The move up caused more problems than it seemed to solve, and as arguments in our household increased, I found myself hiding in my room and reading books to escape from reality. My early teenage years consisted of wishing that I had a family that was able to eat dinner together without an argument breaking out, and wondering why I had been given such a dysfunctional family. One night as I heard muffled yelling from behind my closed door, I decided that I would purpose to make different choices; I decided that I would use my situation as motivation to break out of the mold. At the time, our family had yet to produce a college graduate, and I was determined to change that.

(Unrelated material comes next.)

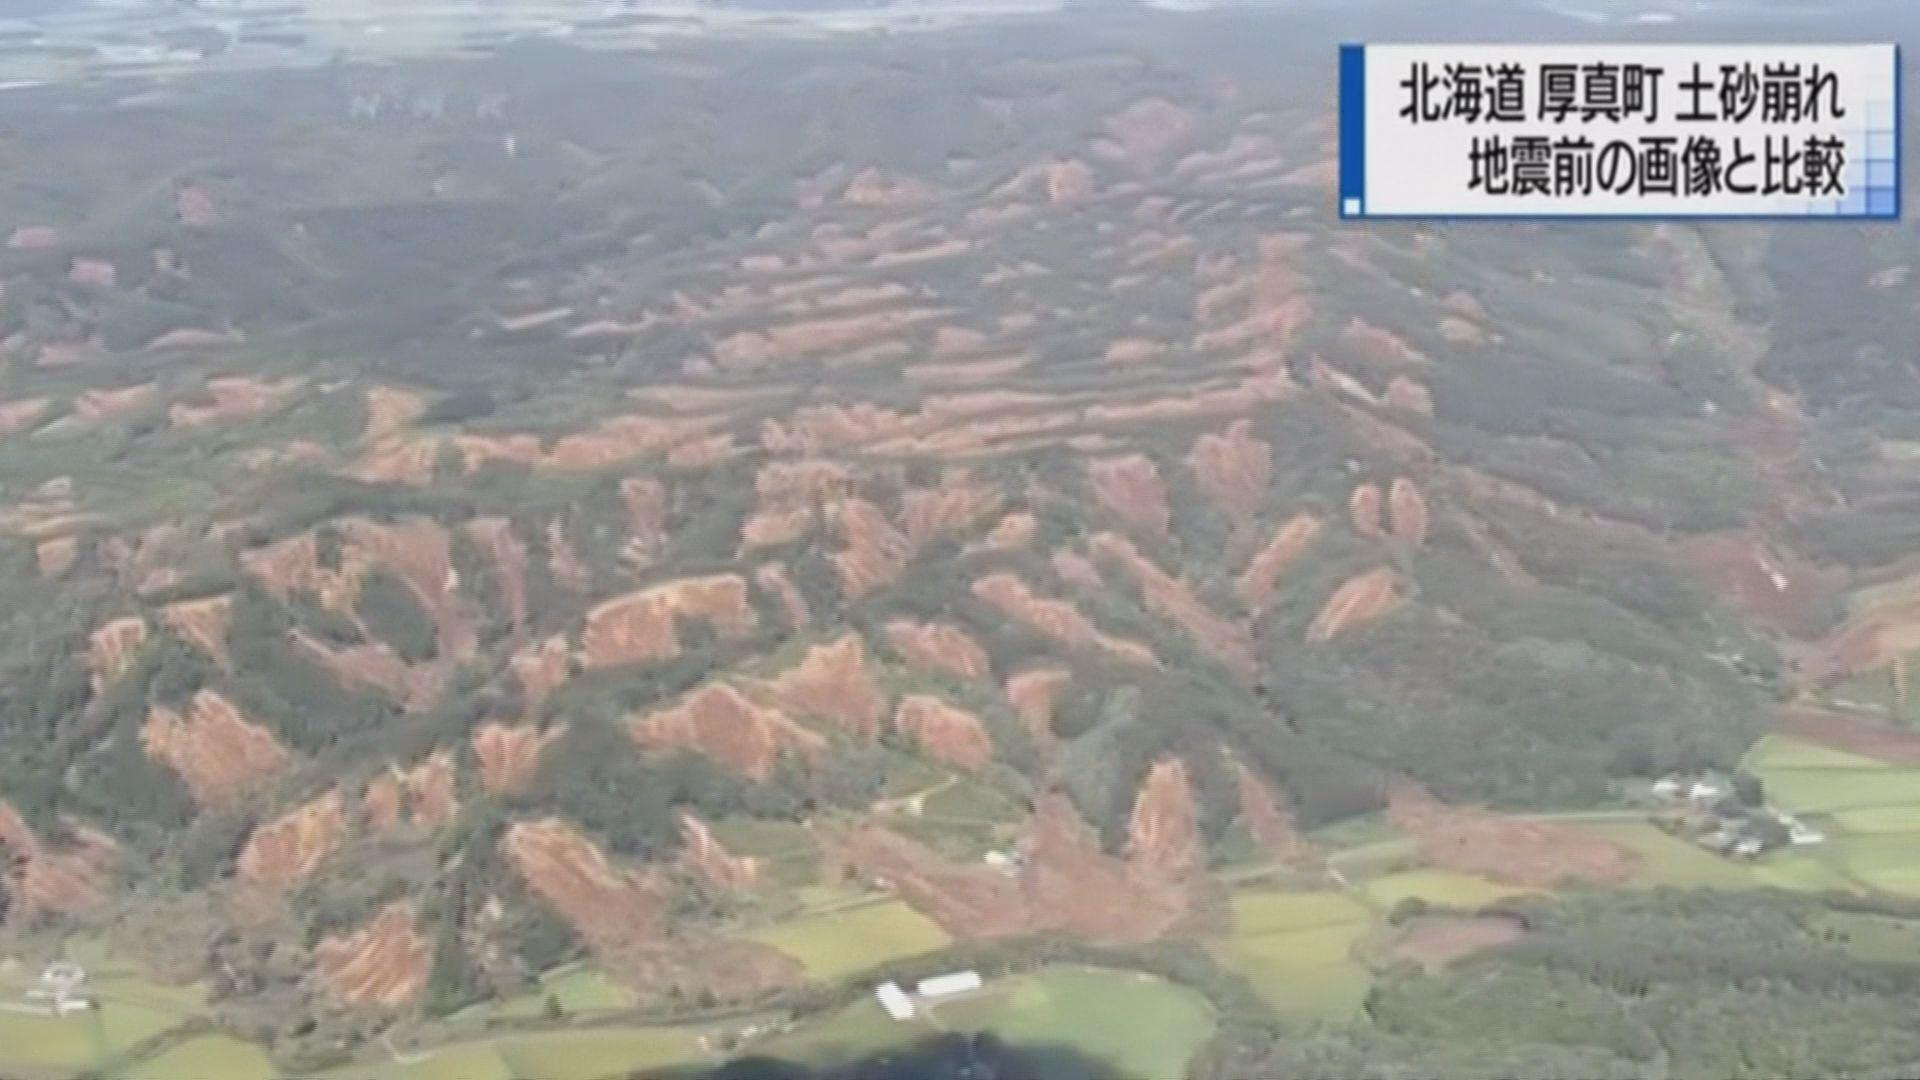 北海道地震 大規模山泥傾瀉掩埋多間房屋

As I examined how much my mother had to fight and sacrifice in order to provide a somewhat stable environment for our family, I decided that whatever I chose to do with my life, I would pay her back in any way possible. As I attended school and began to show interest in the various science courses, medicinal studies came into the forefront of my mind. My mother's lack of income would prevent any help for my college education, which frightened me to a certain degree. I was repeatedly told that I would be in debt for the rest of my life if I pursued a career in medicine, and that the courses themselves were rigorous and straining. In short, I was told that it was a ludicrous desire. The more I was told that it was impossible for a person in my situation, the more I sought to fulfill the desire.

I began to set goals for myself in order to achieve my ultimate intention of becoming a doctor. Ranging from becoming valedictorian to getting a job in order to begin saving for a future of schooling, I worked long and hard to give my best in every area. Each time I felt discouraged or exasperated, I would remember the desire I had to break out of my family's mold. I would remember all the people who told me that I couldn't possibly attempt such a thing. Most importantly, I would remember my mother, and my hope of buying her a dream home for a restful retirement. My mother acted as a role model for the type of strength and courage I would need in order to chase after my dreams, and there is no doubt that my background forced me to be tough. I used my family's dysfunction and my broken childhood as motivation to succeed and build a stable foundation for my future family, as well as incentive to repay my hard-working mother for everything she had sacrificed in order for me to pursue my dreams.